Offensive, defensive linemen needed
When I think of the Patriots' greatest need in the NFL draft, it isn't a specific position that comes to mind. It's a mindset that leads me to this thought: reinforcements on both sides of the line of scrimmage.
It could be offensive line. It could be defensive tackle or defensive end.
The Patriots haven't drafted an offensive lineman in either of the last two drafts, and when I think of how teams are built in today's NFL, it's risky not to feed the pipeline for three years in a row, both from a high-end talent and salary-cap perspective. The Patriots look OK in the short term along the offensive line, but as is often the case, drafts are about looking ahead to the next year. A look at the offensive line through the lens of contract length highlights in part why it's a need.
Furthermore, any investment that potentially improves the chances of protecting the franchise's greatest asset, quarterback Tom Brady, makes plenty of sense.
On defense, there is a notable drop-off after starting ends Chandler Jones and Rob Ninkovich, and the Patriots could always use a boost to the pass rush. At tackle, there are a lot of bodies, but how many are really a sure thing?
That's why when I think about this year's draft, it has the potential to have a meat-and-potatoes feel to it for the Patriots, with a potential sharper focus at the line of scrimmage.
It is, after all, the place where many agree games are won and lost.
It's more than just Gronk insurance
Rob Gronkowski recently said it was too soon to tell if he'll be ready for Week 1 of the 2014 regular season as he recovers from a torn ACL, but it's not too soon to say tight end remains the Patriots' greatest need with the draft right around the corner.
The facts have practically been ingrained into Patriots fans by now: just 13 catches by tight ends not named Gronkowski in 2013, with just three tight ends on the roster as things currently stand.
Even if Gronkowski returns in time to start the season, adding a talented tight end has multiple layers of value. The Patriots understand that they need insurance for Gronk, whose injury list is well-known at this point.
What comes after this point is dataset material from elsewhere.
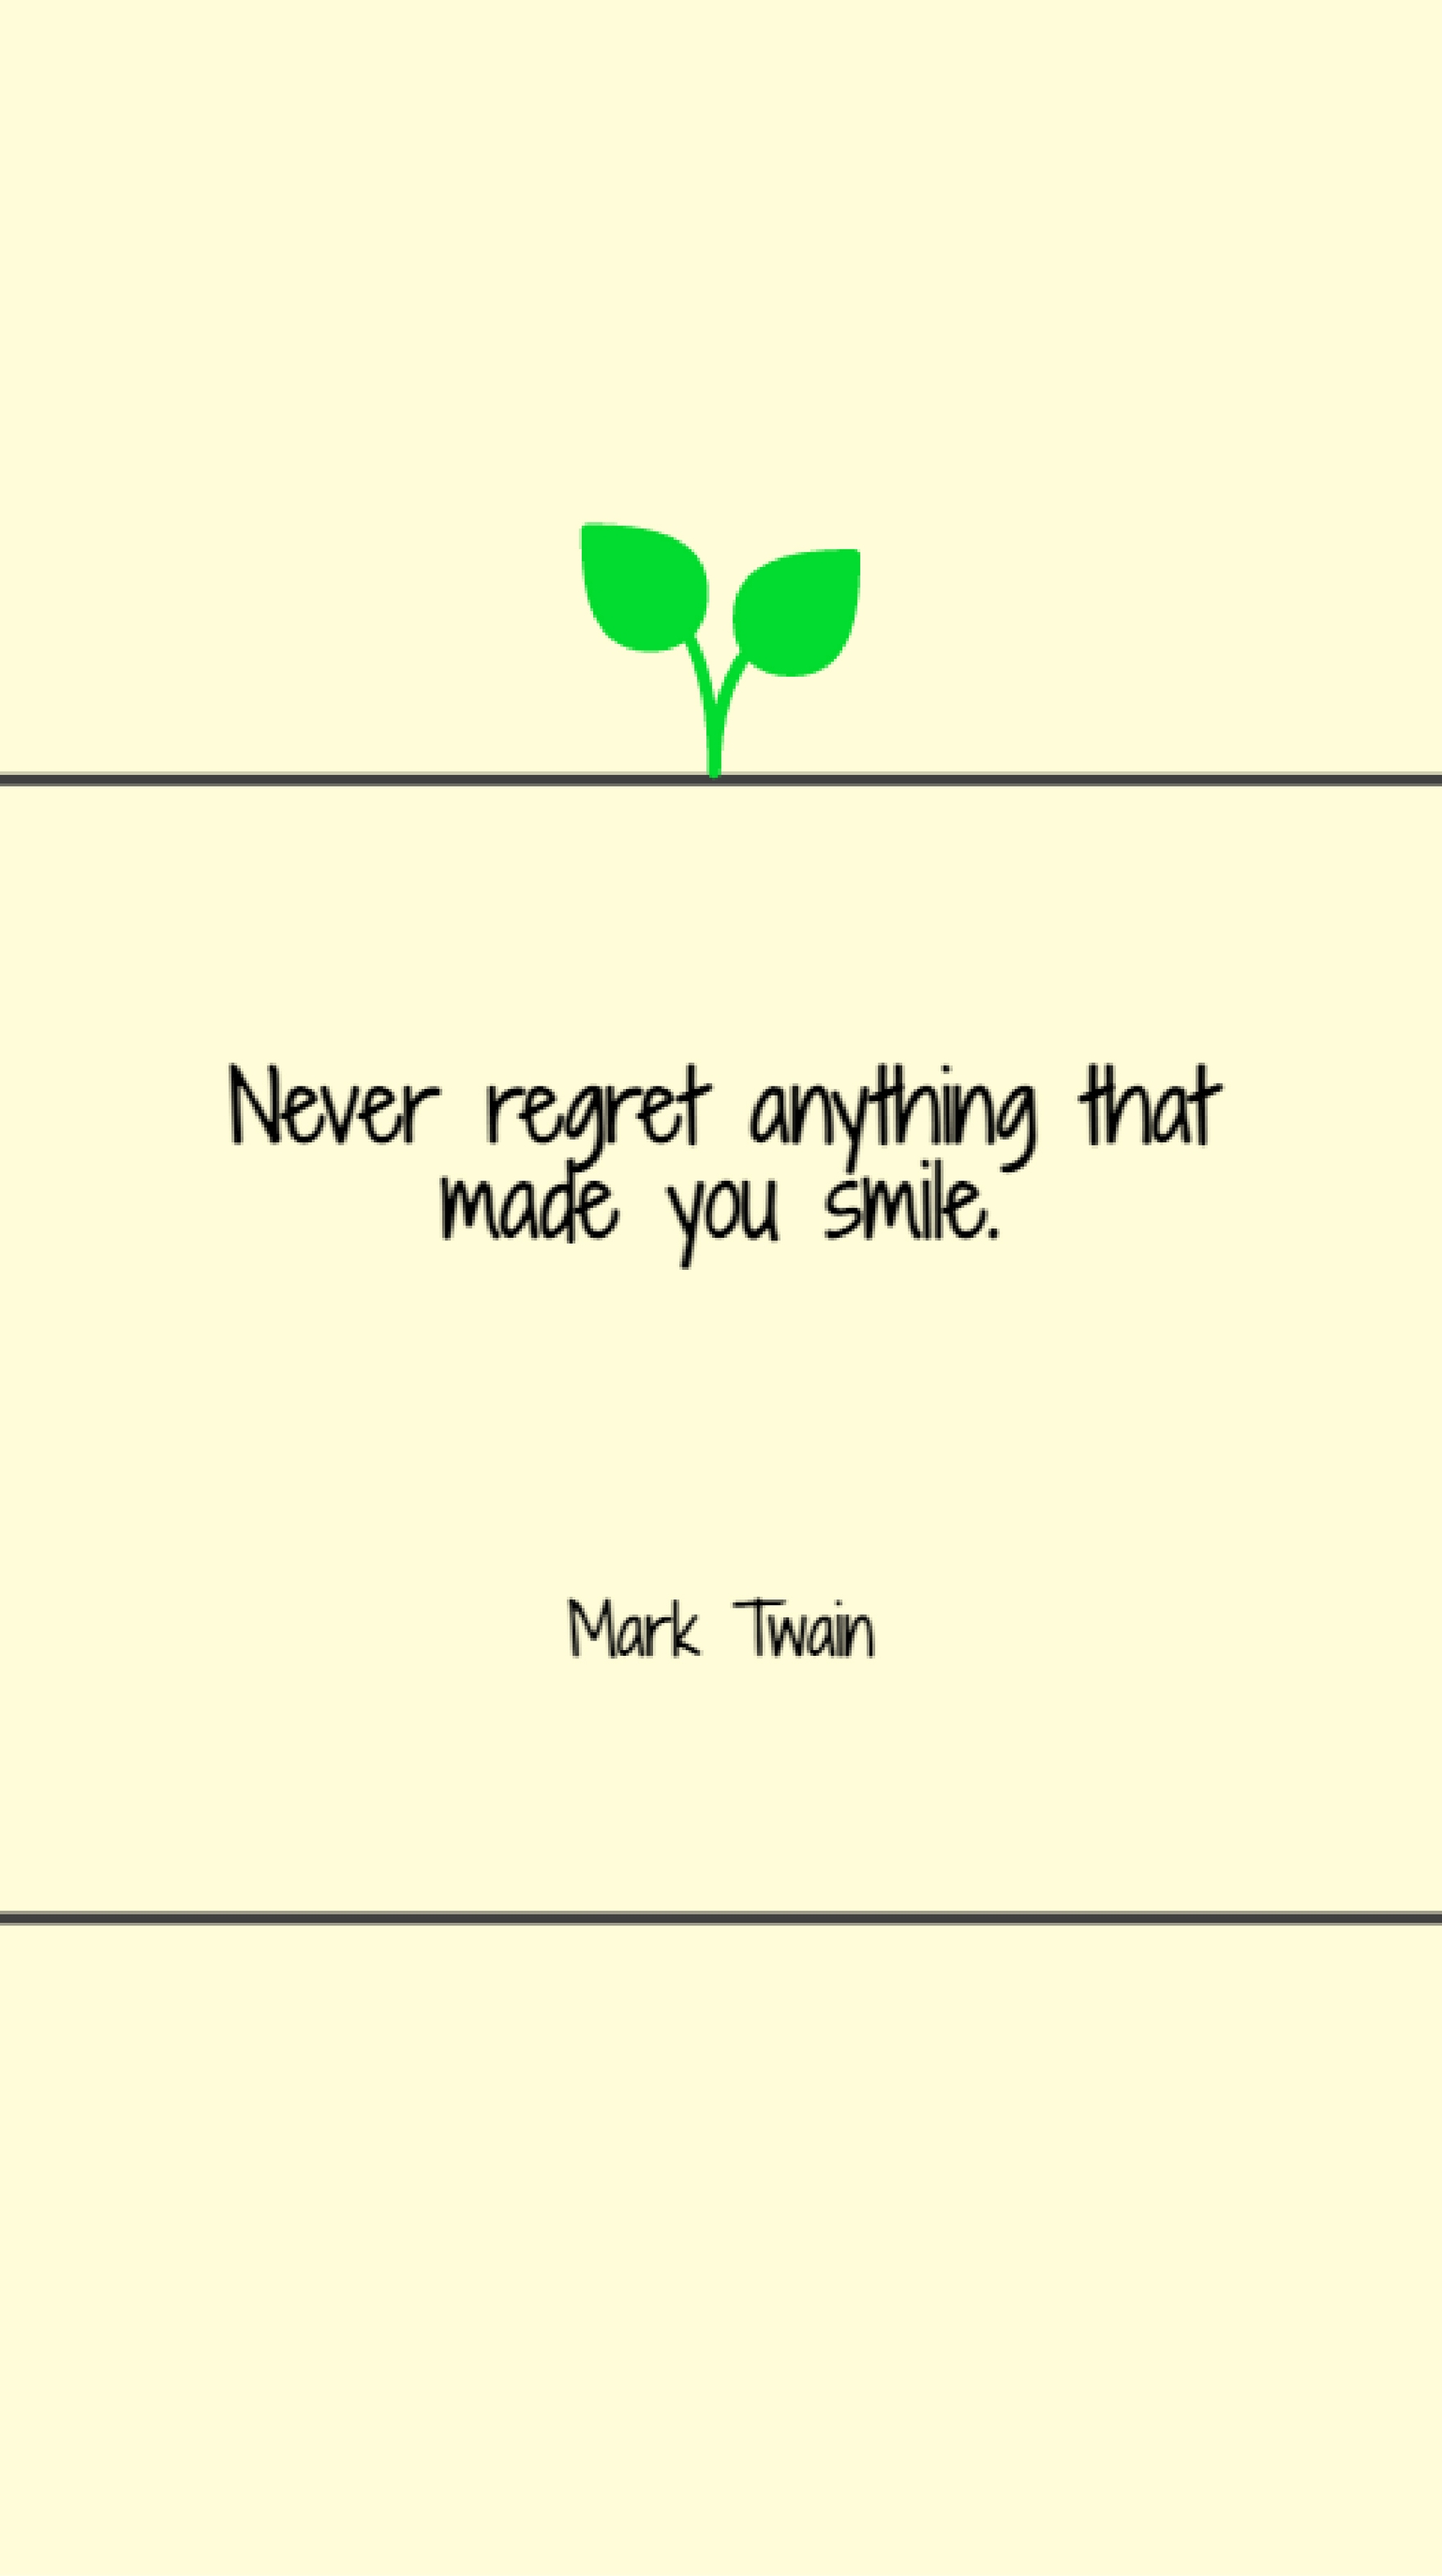 Mark Twain - Never regret anything that made you smile

He plays an exceptionally physical style and has long levers that are exposed to big hits -- we've seen the risk.
But beyond insurance, the Patriots know better than most teams that an offense can successfully accommodate multiple tight ends. The Patriots were ahead of the curve on two-tight-end sets, but they were also able to identify two rare physical talents in Gronk and Aaron Hernandez.
The unique skill set that they presented on the field together is desirable to replicate, though it will be difficult to find a tight end that comes close to Hernandez in terms of versatility and Gronk in terms of overall size, speed, strength and catching skills.
But this tight end class nonetheless offers options, and not necessarily only in the first two rounds. Eric Ebron of North Carolina figures to be long gone by the time the Patriots pick at No. 29, and Jace Amaro of Texas Tech may be off the board as well.
At some point, however, the Patriots must find at least one tight end to build depth at what is currently their thinnest position.